A government intervention is defined as a failure if the outcome is worse than what would
have occurred under laissez-faire. Government failures fall into two categories: omission and
commission. An example of a commission failure is the public sector running enterprises. The
failure to maintain existing infrastructure typifies an omission failure.
Four main points:
 Government is not run by selfless bureaucrats, but by a mélange of people with
competing pressures and interests. Despite their competence or lack thereof, the
administrative frustrations can prove overwhelming and detract from their performance.
 The public sector possesses a comparative advantage in large scale activities that the
private sector doesn’t focus on, such as ensuring law and order and providing basic
services like roads, education, and communications. Government entry into other fields
best served by the private sector is costly and detracts from other government services.
 Three features of government intervention are:
o Rent seekers take advantage of government offering things for less than their
value and try to gain rights to the valuable items.
o Beneficiaries and victims of government policies will organize and lobby to
increase their benefits or decrease their losses, regardless of where the policies
came from.
o There is a dichotomy between ministries of the government that want to spend
money on their particular program and the finance ministry, which is more likely
to economize in the public interest.
Guidelines for policy makers:
 Any government action has costs. Any government action that involves economic
activity, regulates private economic activity, or affects resources allocation should not be
implemented without procedures for deciding action and administrative capability to enact
it.
o Feasibility, resultant political pressures, and administrative cost must also be
considered.
 Policies and programs that minimize use of government resources should be prioritized.

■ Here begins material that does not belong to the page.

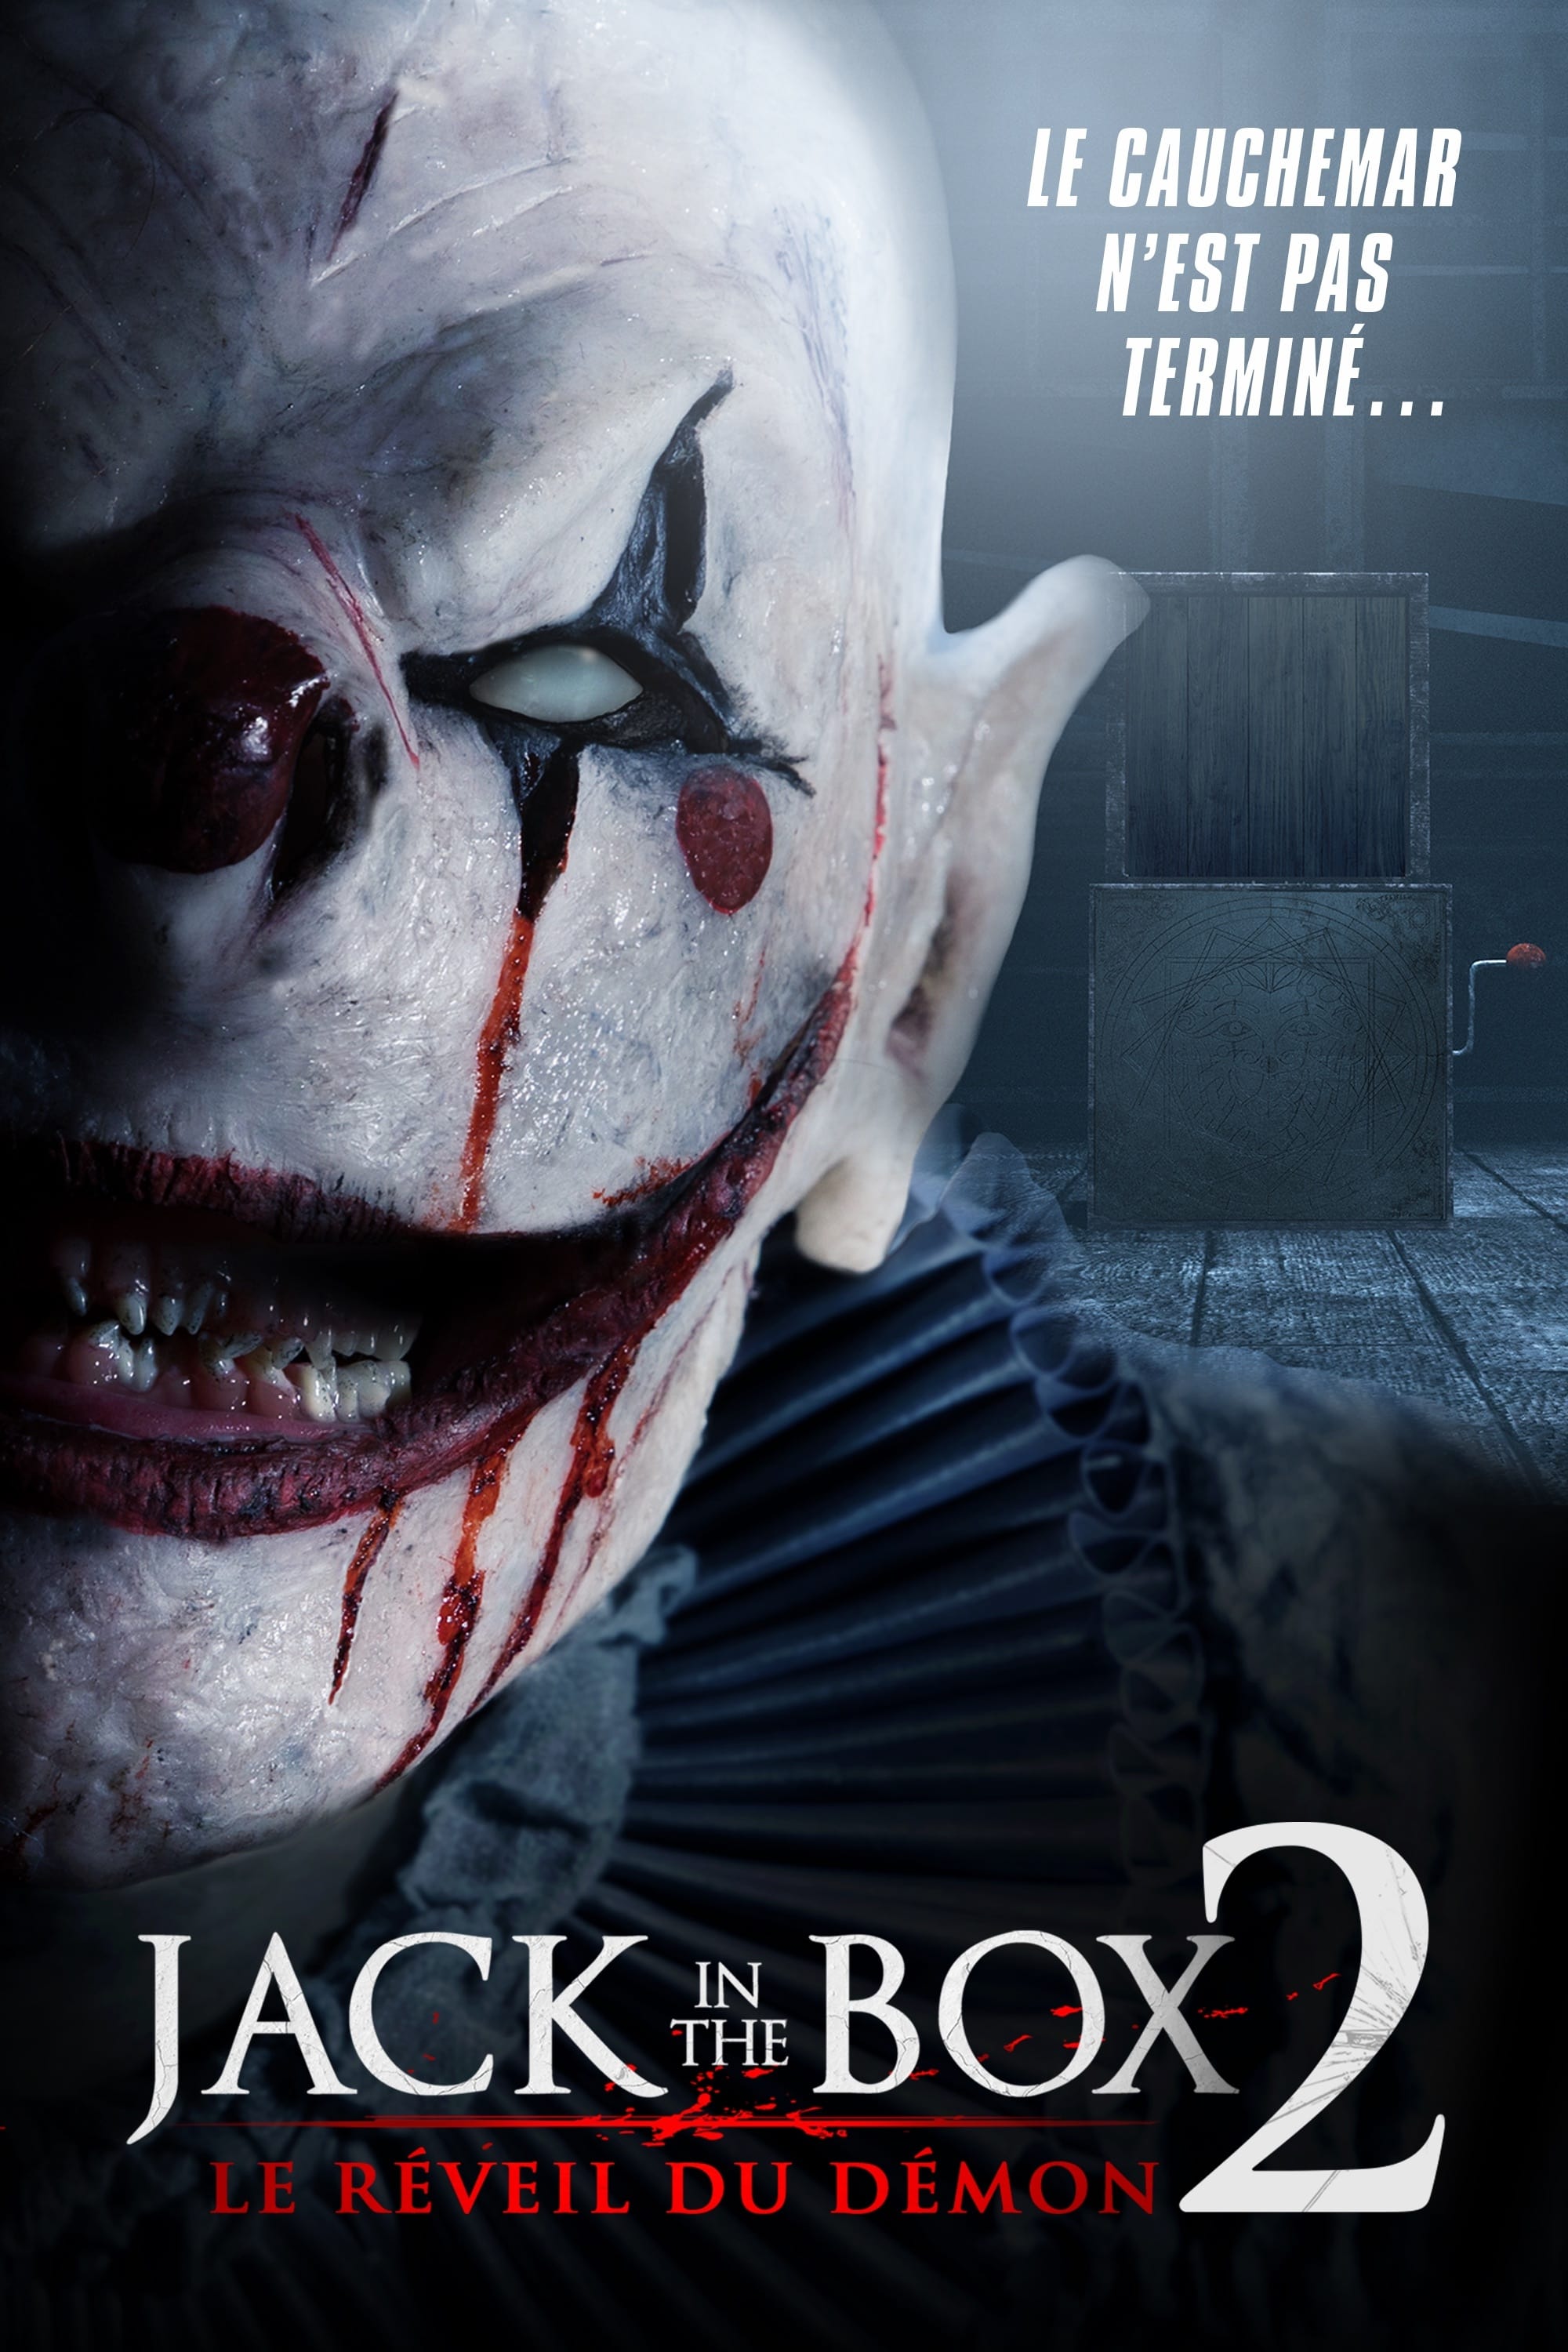 The Box Film Horreur Jack in the Box 2 : Le Réveil du démon (Film, 2022) — CinéSéries

 Policies that reduce rent-seeking opportunities should be prioritized.
 Foster policy development that results from trade-offs or cooperation between
administrators and executors.
 Choose the most transparent policies.
In sum, one must be realistic about the capabilities of government, support government action in
the areas where it possesses a comparative advantage, and look cautiously upon government
interventions in economic matters without a clear reason, plan, and outcome strategy.